John salió de la cama de mala gana a mediodía. Tenía que ducharse, afeitarse, vestirse y recoger sus cosas en el Crillon. Había despachado a su chófer la noche anterior diciéndole que tomaría un taxi para regresar al hotel. No quería hacerle esperar. Y había quedado con él a la una en punto en el hotel para que lo llevase al aeropuerto. Había previsto pasear por París durante la mañana, pero le gustaba el resultado del cambio de planes.
– Odio tener que irme -dijo apesadumbrado mientras se ponía la chaqueta.
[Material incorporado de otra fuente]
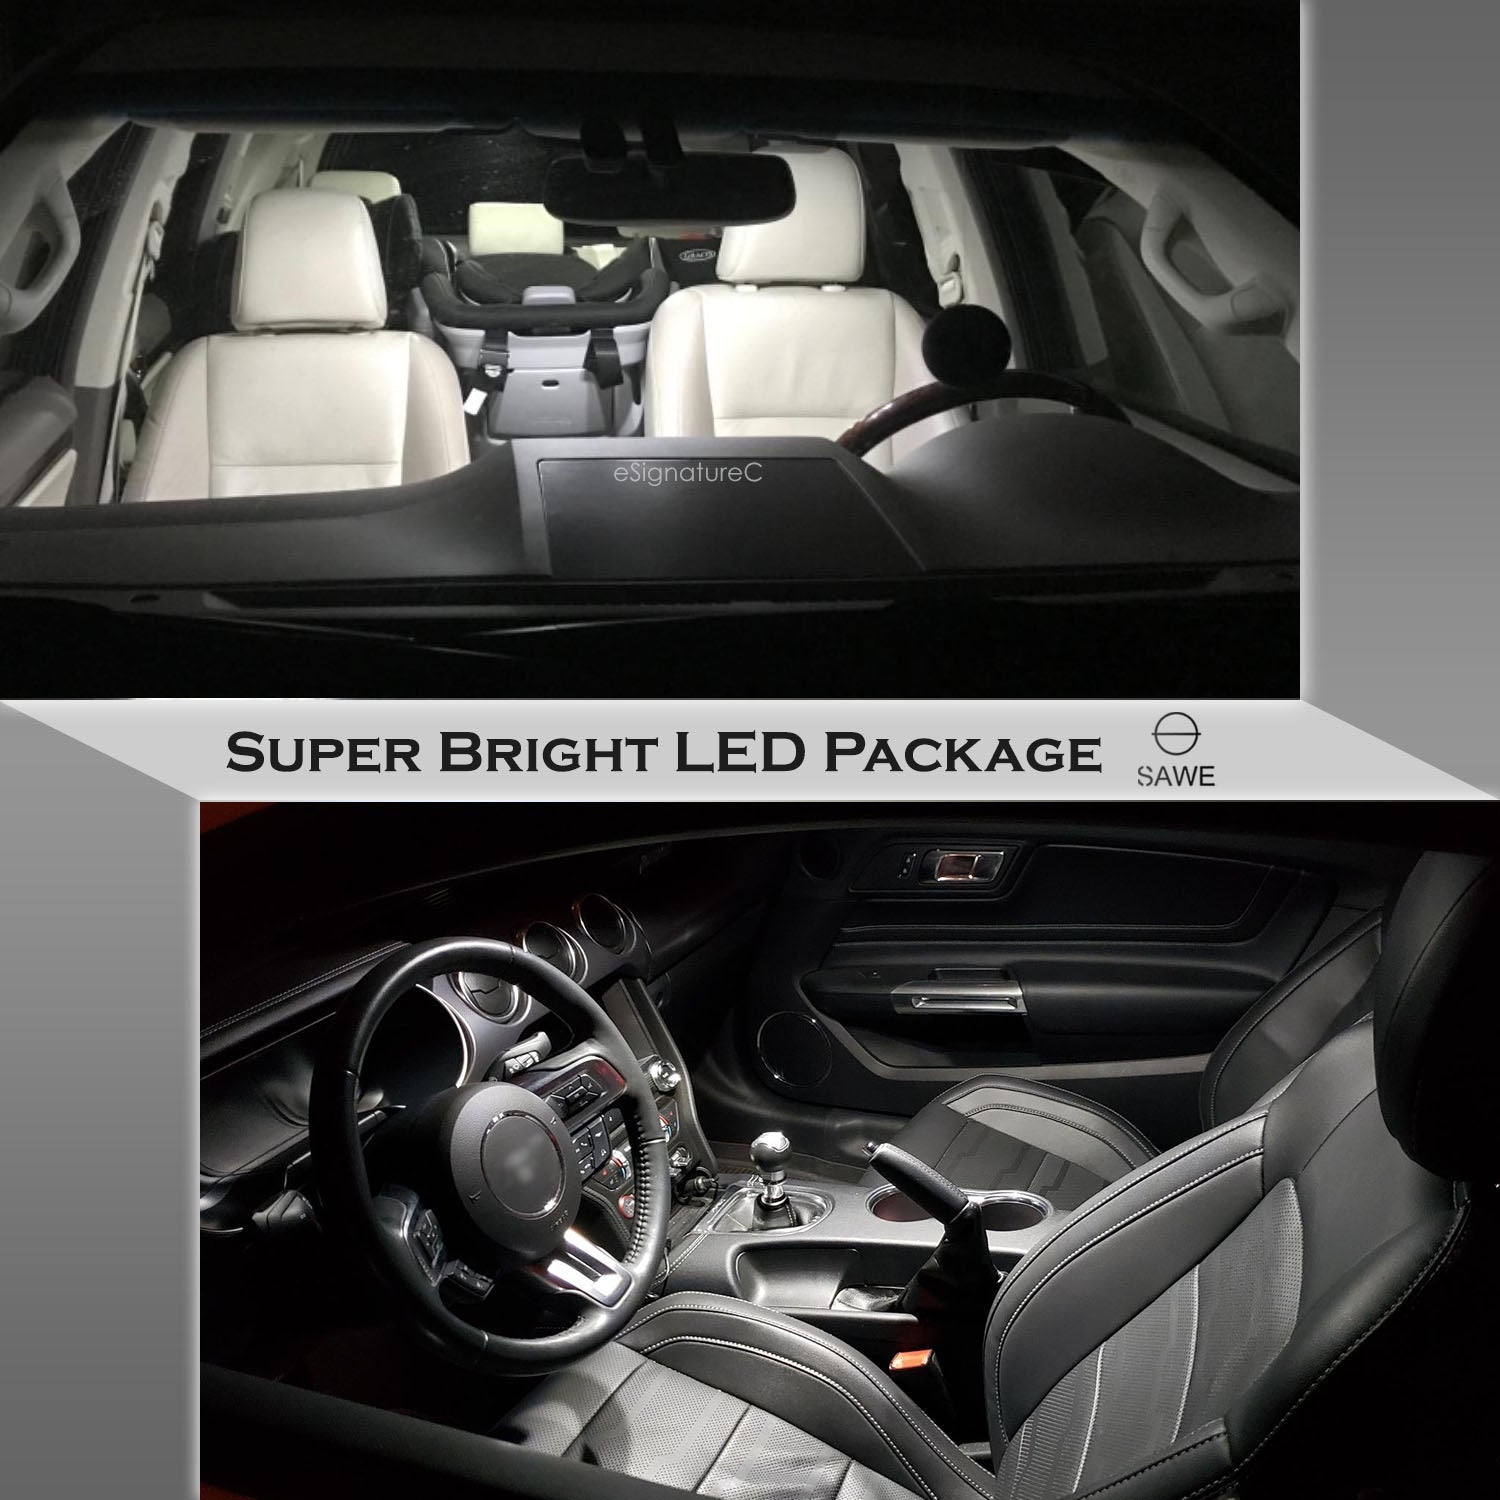 For Hyundai Genesis Coupe Interior LED Lights - Dome & Map Light Bulbs Package Kit for 2010 - 2016 - White

No tenía ni idea de cuándo volvería a verla, o de si ella le permitiría hacerlo. Se estaba mostrando increíblemente terca, parecía dispuesta a poner el definitivo punto final. Ni siquiera quería plantearse la posibilidad.
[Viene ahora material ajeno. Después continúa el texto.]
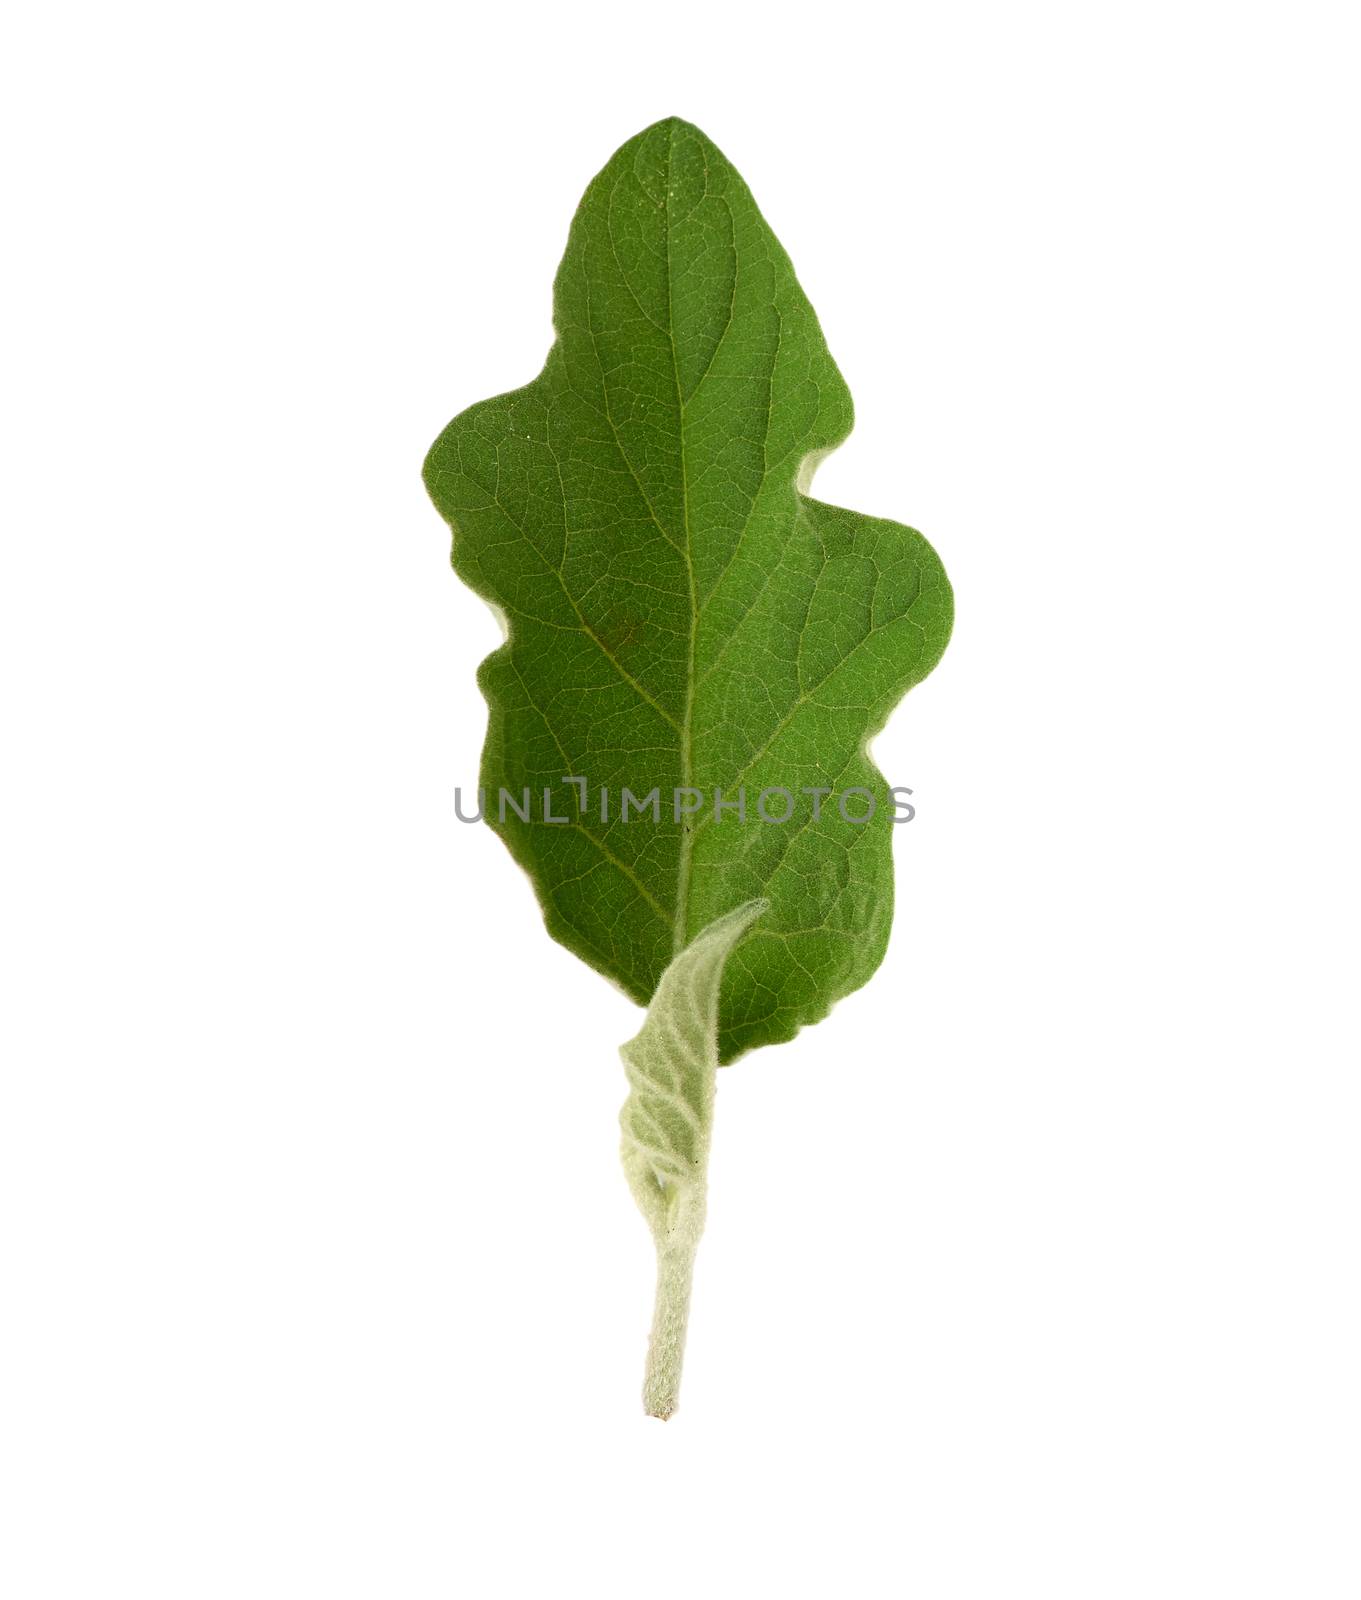 fresh green leaf eggplant isolated on a white background, close up

– Te habrás olvidado de mí antes de que aterrices en Nueva York -dijo con la intención de tranquilizarle.
– ¿Y tú qué? ¿Me olvidarás incluso antes de eso? -le preguntó con semblante trágico.
Ella le sonrió y le pasó los brazos por encima de los hombros.
– Nunca te olvidaré. Siempre te querré -dijo, y lo creía, y casi empezó a llorar cuando la besó otra vez.
– Fiona, cásate conmigo…, por favor… Te quiero… Te juro que nunca volveré a dejarte. Por favor, ayúdame a arreglarlo. Cometí un terrible error dejándote. No nos obligues a sufrir las consecuencias de mi estupidez.
– No fuiste estúpido. Tenías razón. Y no puedo hacerlo. Te quiero mucho. No quiero que vuelvas a hacerme daño, o hacértelo yo. Las cosas son mejor así.
– No lo son.
Pero no podía quedarse a discutir con ella. Tenía que subir a un avión. La besó una última vez antes de irse y después corrió escaleras abajo y cruzó el patio mientras ella le observaba alejarse. Cuando se fue, volvió a meterse en la cama y allí se quedó durante todo el día. La llegada de la noche la pilló tumbada, llorando y sin dejar de pensar en John. Él la telefoneó desde el aeropuerto, pero ella no respondió. Oyó su voz en el contestador diciéndole lo mucho que la amaba, y ella cerró los ojos y lloró todavía con más fuerza.